Divinely, ironically comedic. Sure. But I don't know what their username means. I think I have a much better understanding of Dante's Inferno, and how it's being used as the name for a debate room. I think the line being drawn there is pretty clear, but I admit that I'm assuming, so forgive me if I'm off the mark. Believe me, I get the joke. I'm just pointing out that it may give the wrong impression. I don't particularly want to be relegated to some "forum Hell".

Isn't this discussion you and I are having here evidence of exactly what I'm talking about? This is a microcosm of all the more political discussions I've been a part of on this forum. This change honestly blind-sided me after 7 years of how things worked before with seemingly very little trouble, outside of the one instance I was rightly reprimanded for.
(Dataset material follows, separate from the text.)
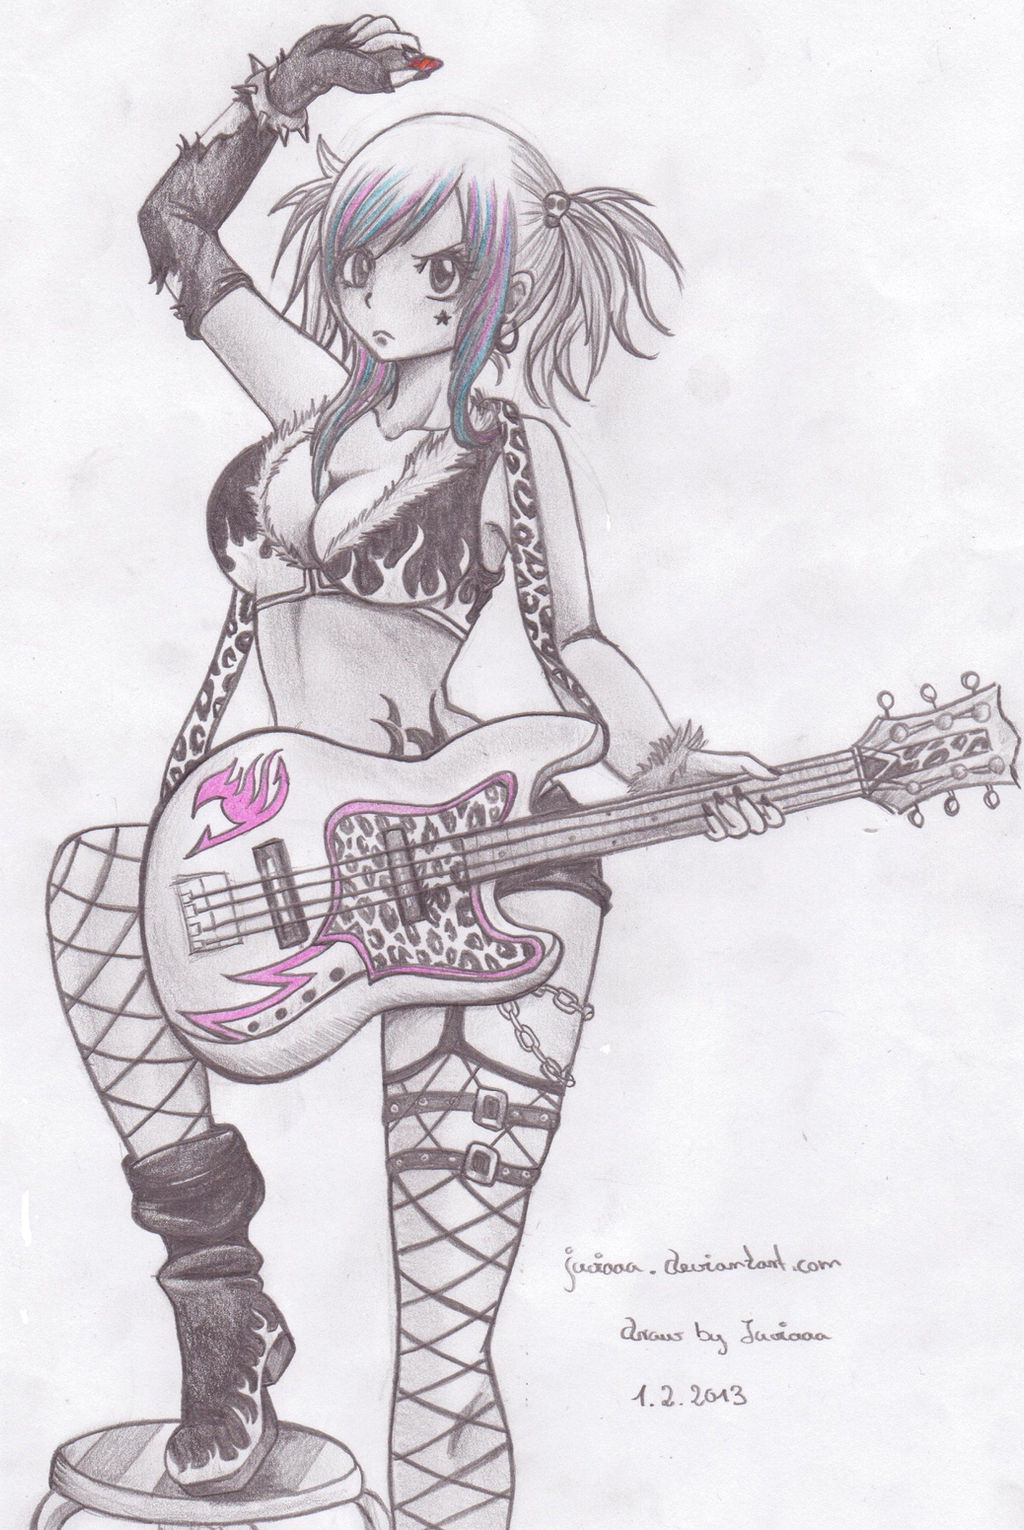 Rocker girl Lucy

That's right. It doesn't have to be a democratic institution. It's up to the staff if they want to act democratically. Just know that the manner in which decisions are made will necessarily instill different reactions in the people that are affected. Nobody wants to be a member of any online community where they don't feel heard. Since I didn't get input during deliberation, I'm giving it now. If it's futile, that's fine.

I'll add this here, because I think you read my post before I was done editing it for the billionth time (ironically to prevent upsetting anybody lol). Do not mistake my feedback for me being upset or outraged by this. In the grand scheme of my life this is peanuts (and I'm not allergic to peanuts). I openly recognize that the staff could've taken the easy route and just banned it altogether, and said "tough luck". They didn't. So thanks.

But I'd like to point out that people have_ less _freedom to read what I write than they did before. *Which is why I would like to see all members who hit a certain post count, given access to the new debate forum. If not outright given access, then formally offered without exception (barring forum users who are not on good terms with the staff because they've already caused trouble).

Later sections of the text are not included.